Recorded information:
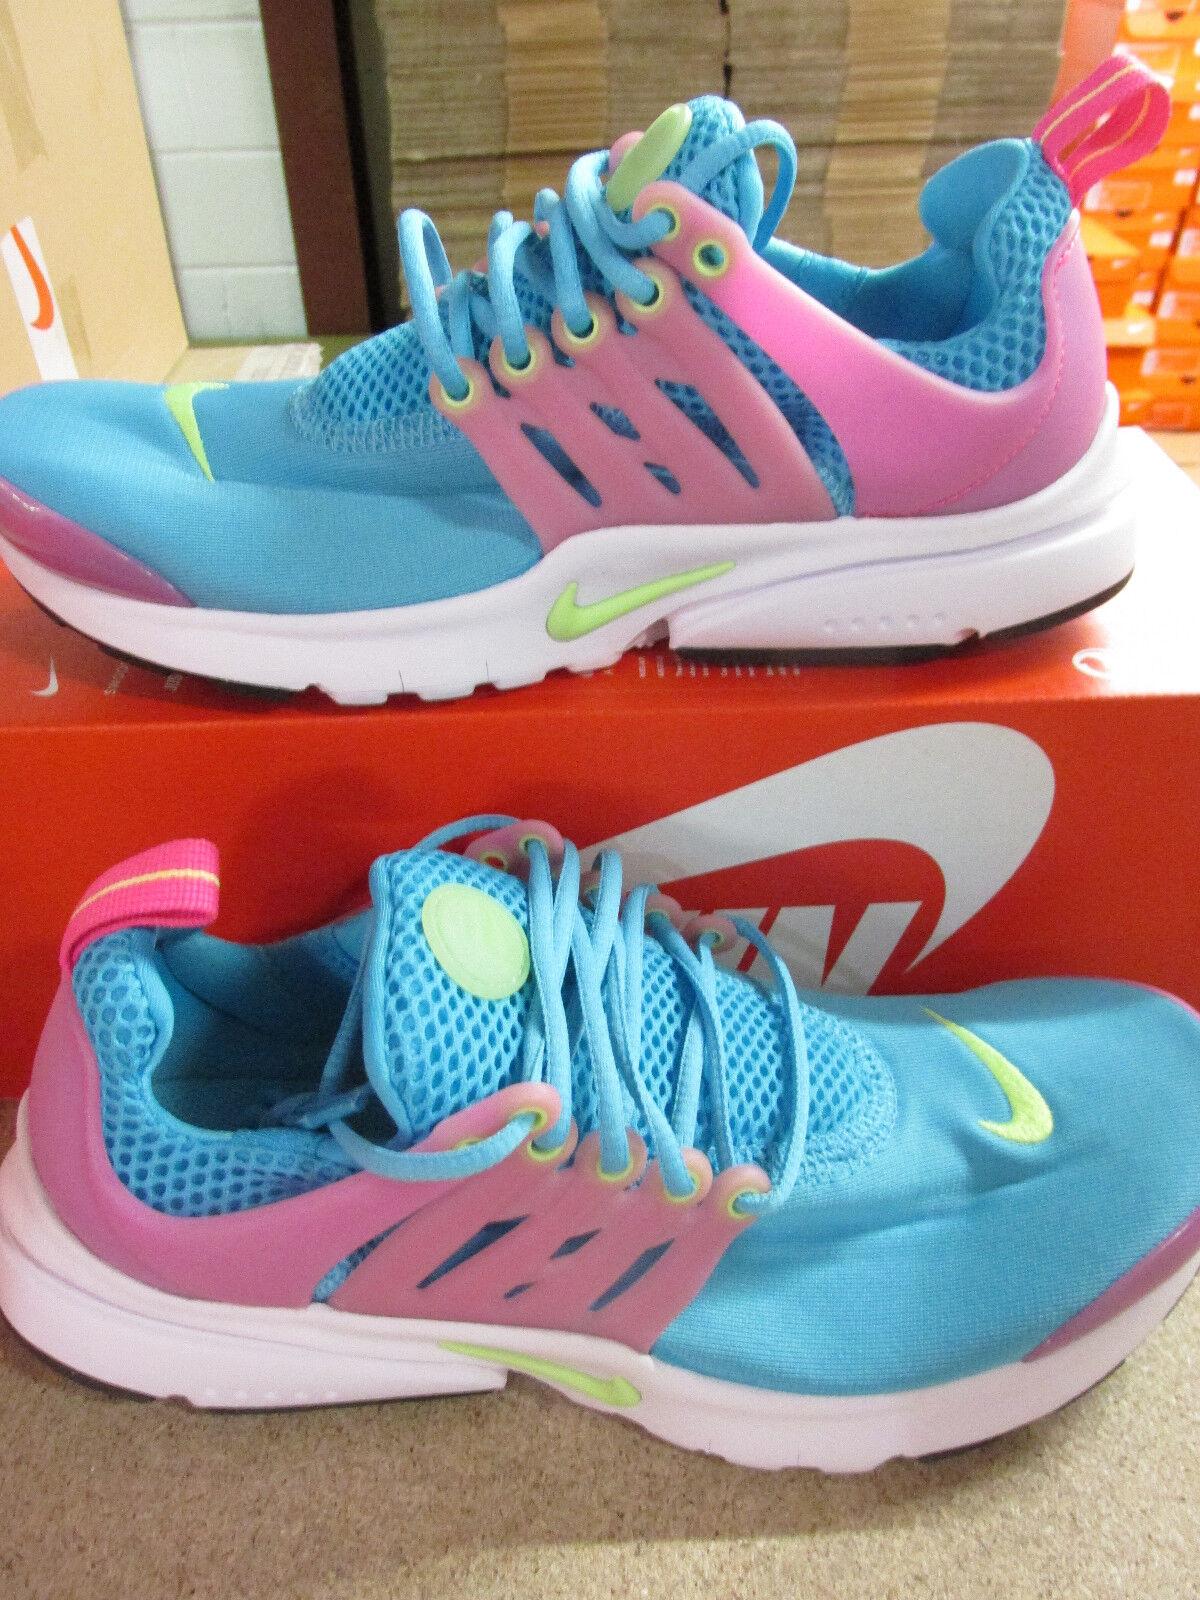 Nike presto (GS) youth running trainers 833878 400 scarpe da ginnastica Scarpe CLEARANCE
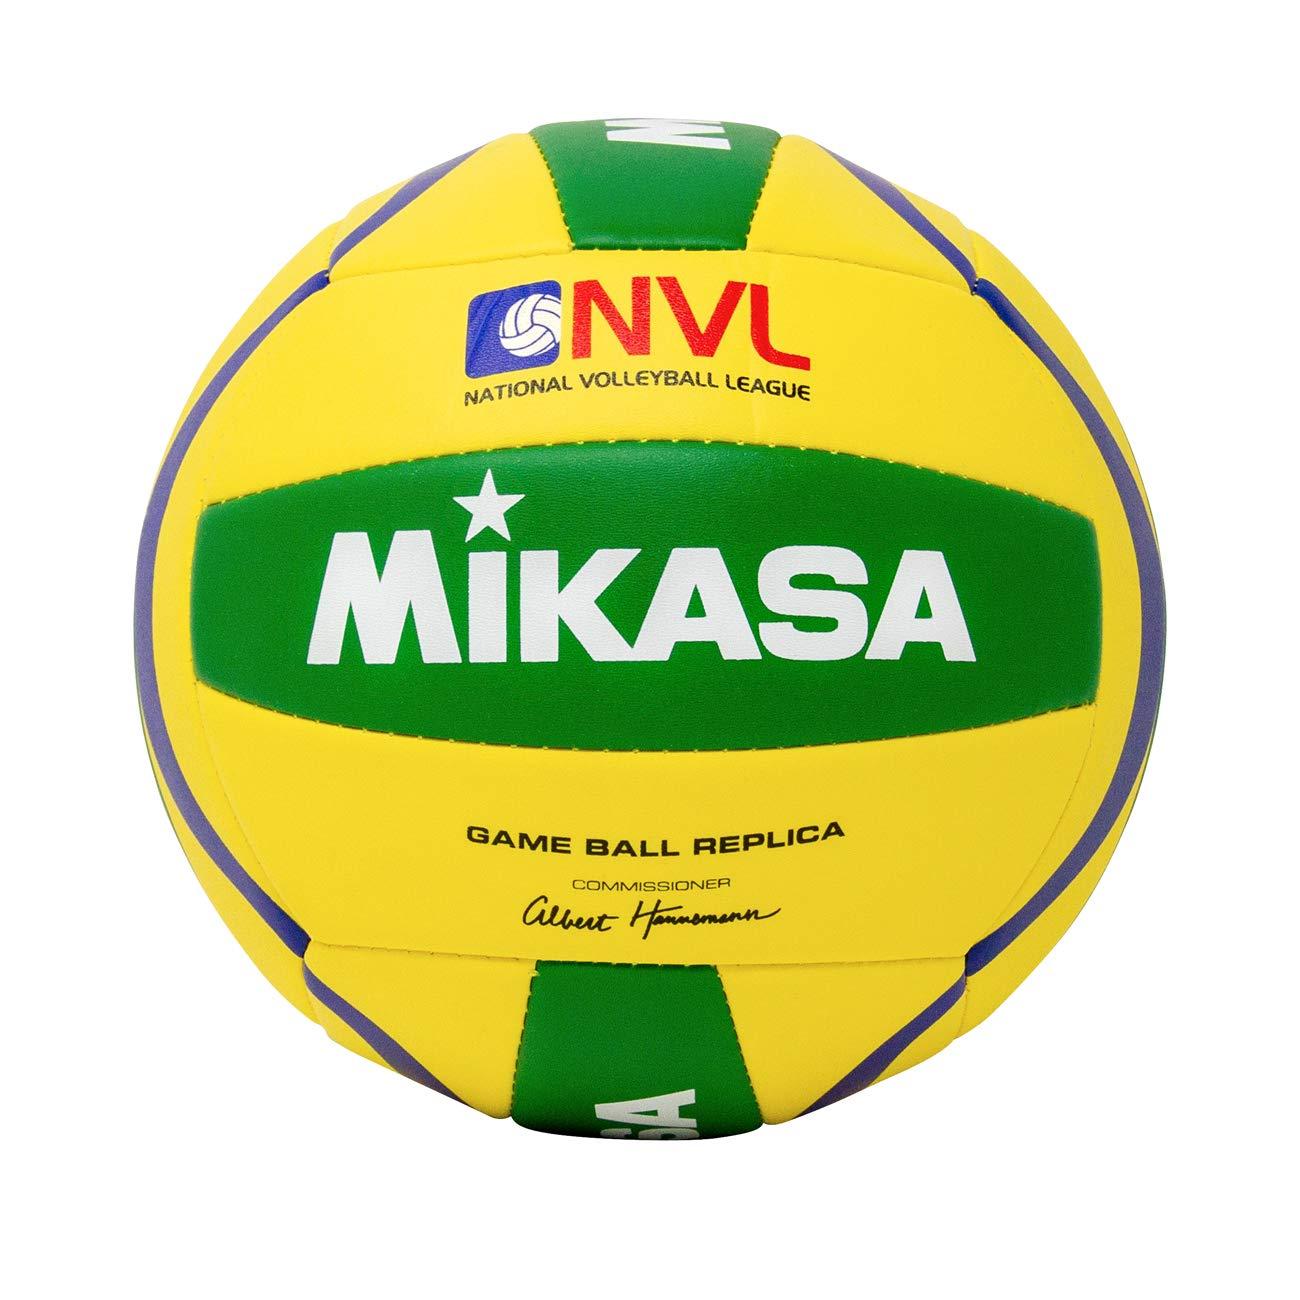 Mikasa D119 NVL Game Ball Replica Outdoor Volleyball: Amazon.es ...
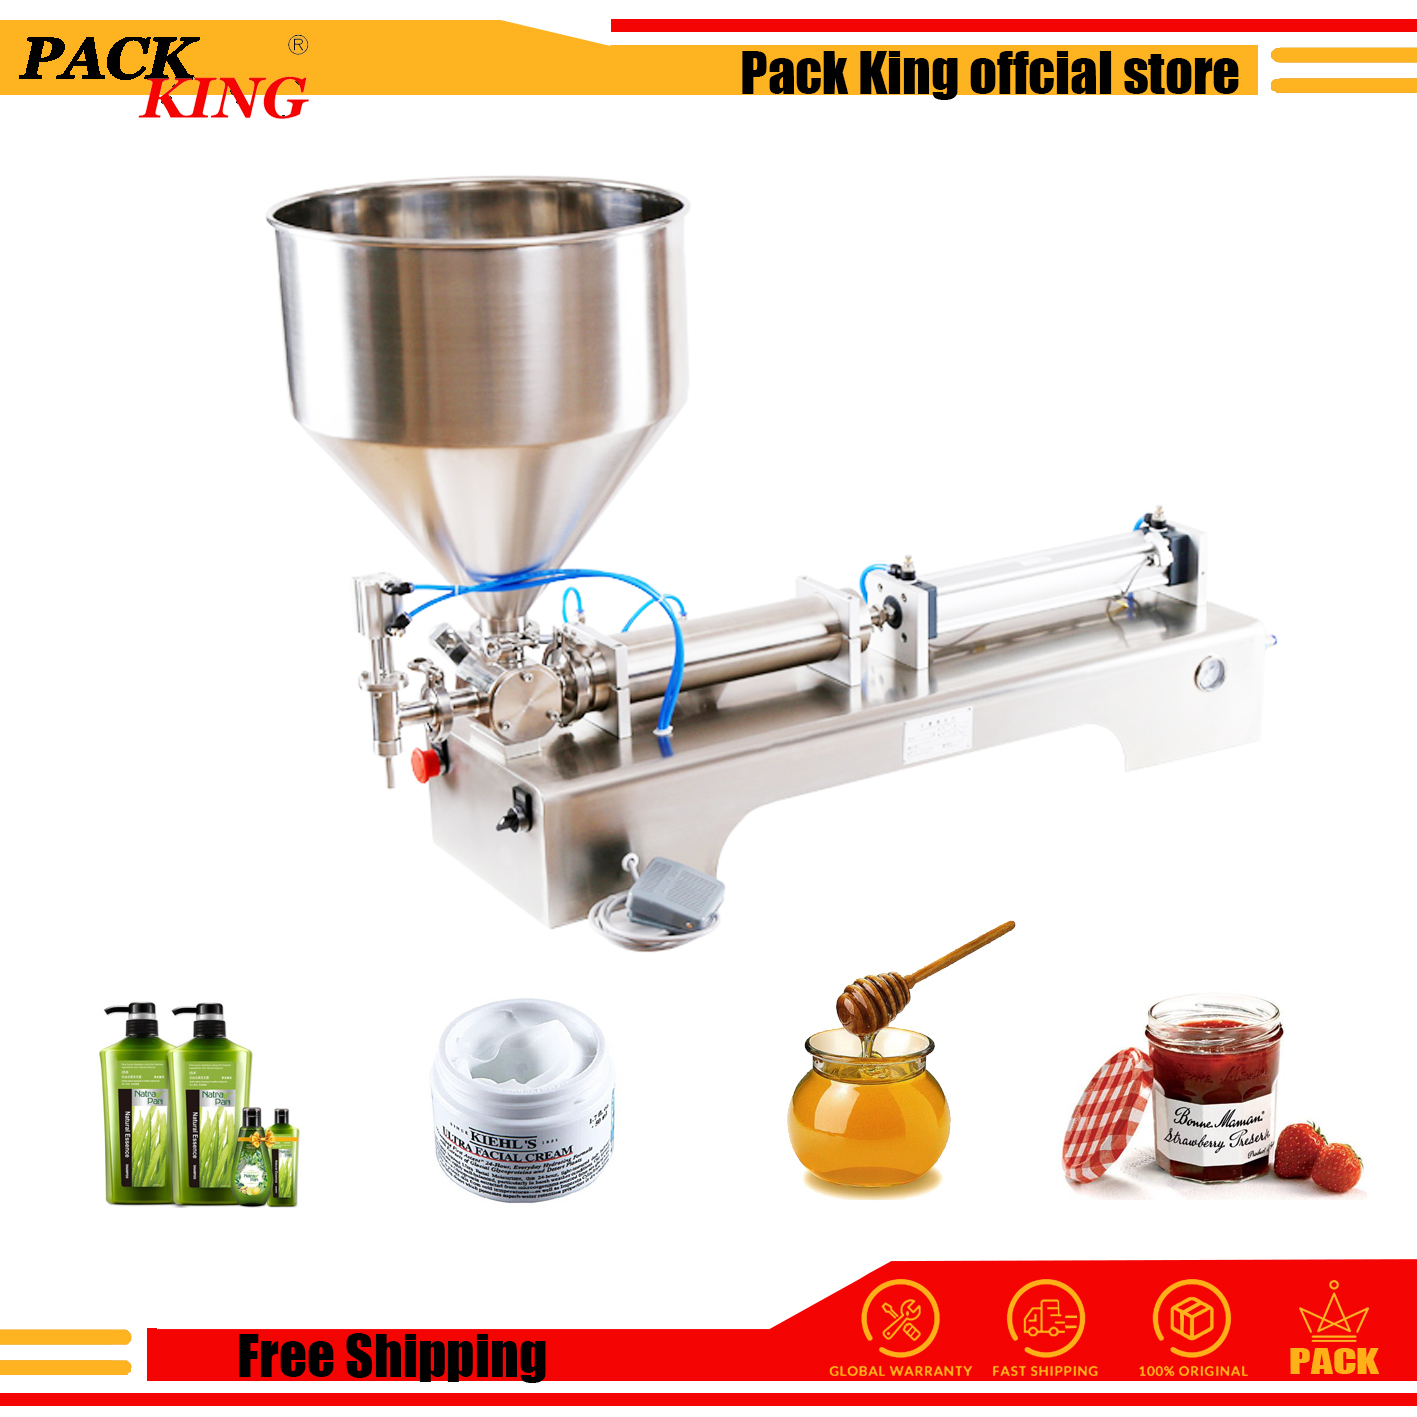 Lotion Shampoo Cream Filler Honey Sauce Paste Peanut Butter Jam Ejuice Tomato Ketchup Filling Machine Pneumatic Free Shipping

Problem statement: Starting at the line that holds "Mikasa D119 NVL", retype every line through the end of the data, both ends included. Pictures stay out of the copy.

Response to this exercise:
 Mikasa D119 NVL Game Ball Replica Outdoor Volleyball: Amazon.es ...
 Lotion Shampoo Cream Filler Honey Sauce Paste Peanut Butter Jam Ejuice Tomato Ketchup Filling Machine Pneumatic Free Shipping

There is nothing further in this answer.